Biological rhythms, including cycles related to sleep and wakefulness, mood, and cognitive performance, are synchronized with the body's internal circadian clock.[6] The best way to observe the workings of this clock is to experimentally deprive individuals of external cues like light and social interaction and allow the body to experience a "free-running" environment – that is, one in which there are no zeitgebers to influence the body's rhythms.[6] Under these circumstances, the circadian clock alone modulates the body's biological rhythms.[6] Normally however, external cues like light-dark cycles and social interactions also exert an influence on the body's rhythms.

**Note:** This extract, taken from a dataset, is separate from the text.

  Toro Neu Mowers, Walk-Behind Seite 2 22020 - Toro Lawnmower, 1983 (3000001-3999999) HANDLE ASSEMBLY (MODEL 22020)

These zeitgebers do so by alerting individuals to changes in the likelihood of possible rewards or threats in the environment, or allow individuals to anticipate predictable changes in their environment. For example, mice, which are prey organisms, are inactive during the day to avoid predation from predators, which are more active during the day. There is also increased competition for resources during the day, so mice will start to become active as night approaches to both successfully obtain resources for survival and avoid predation.

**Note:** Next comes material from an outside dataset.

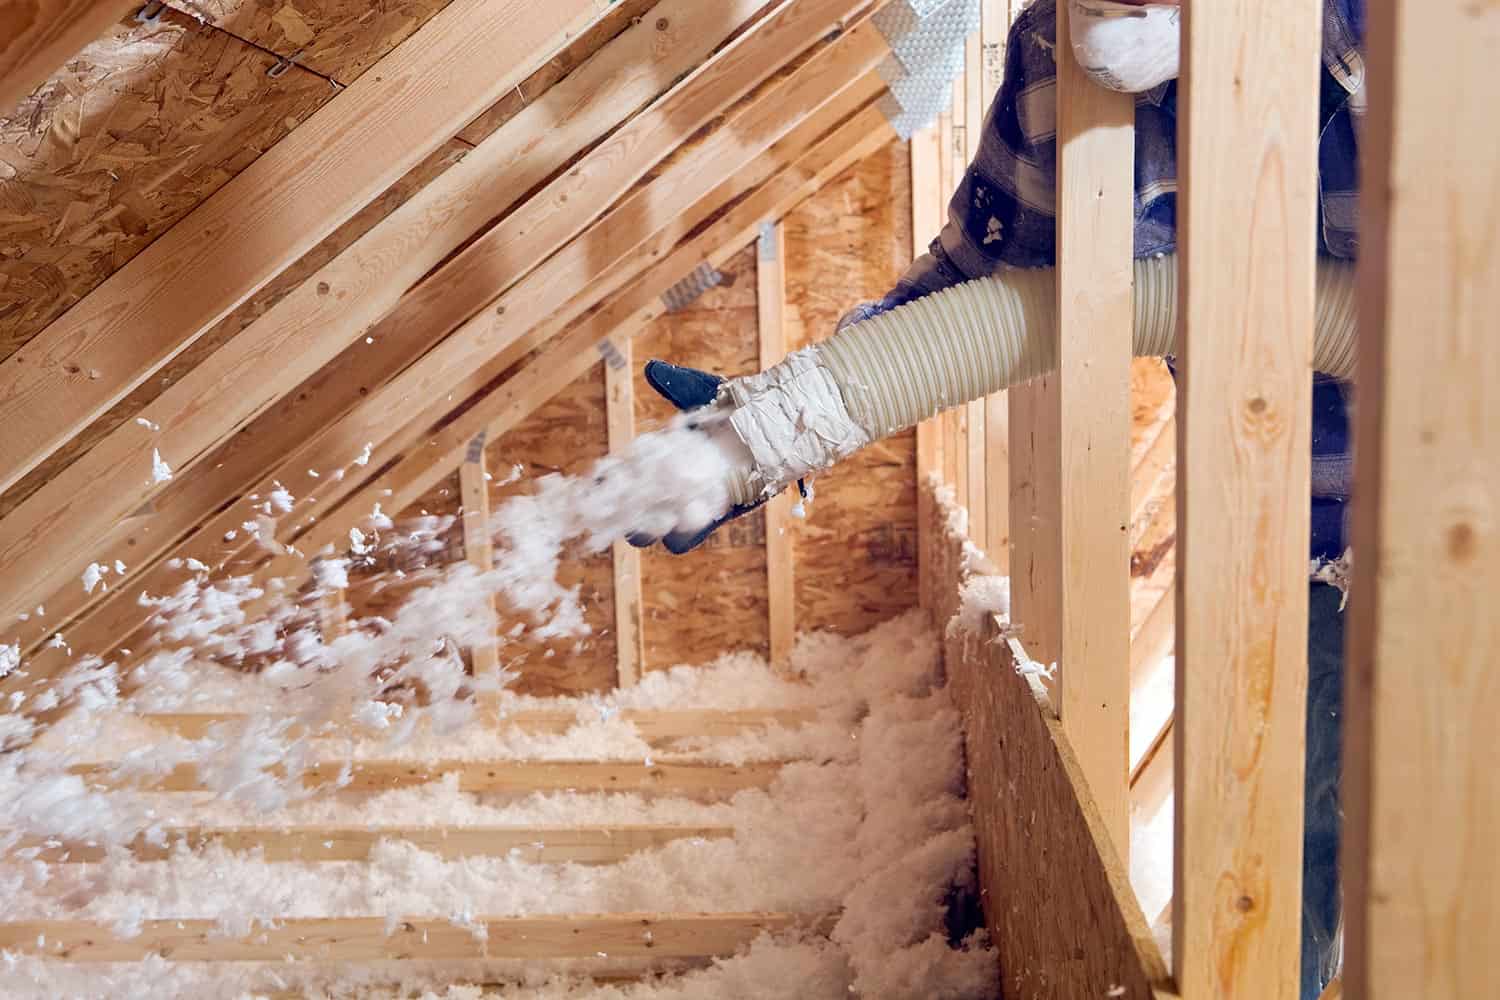 Worker spraying blown fiberglass insulation

Early research into circadian rhythms demonstrated that, when humans are without zeitgebers, or in constant lighting conditions, they have a "free running" period of 24.9 hours.[7] In this experiment, humans were in an underground, sound-proof bunker where the lights were continuously on. The subjects prepared their own meals and took their own samples, so there were no social interaction cues either. Humans therefore adjust from 24.9 hr internal rhythm to the 24-hour day.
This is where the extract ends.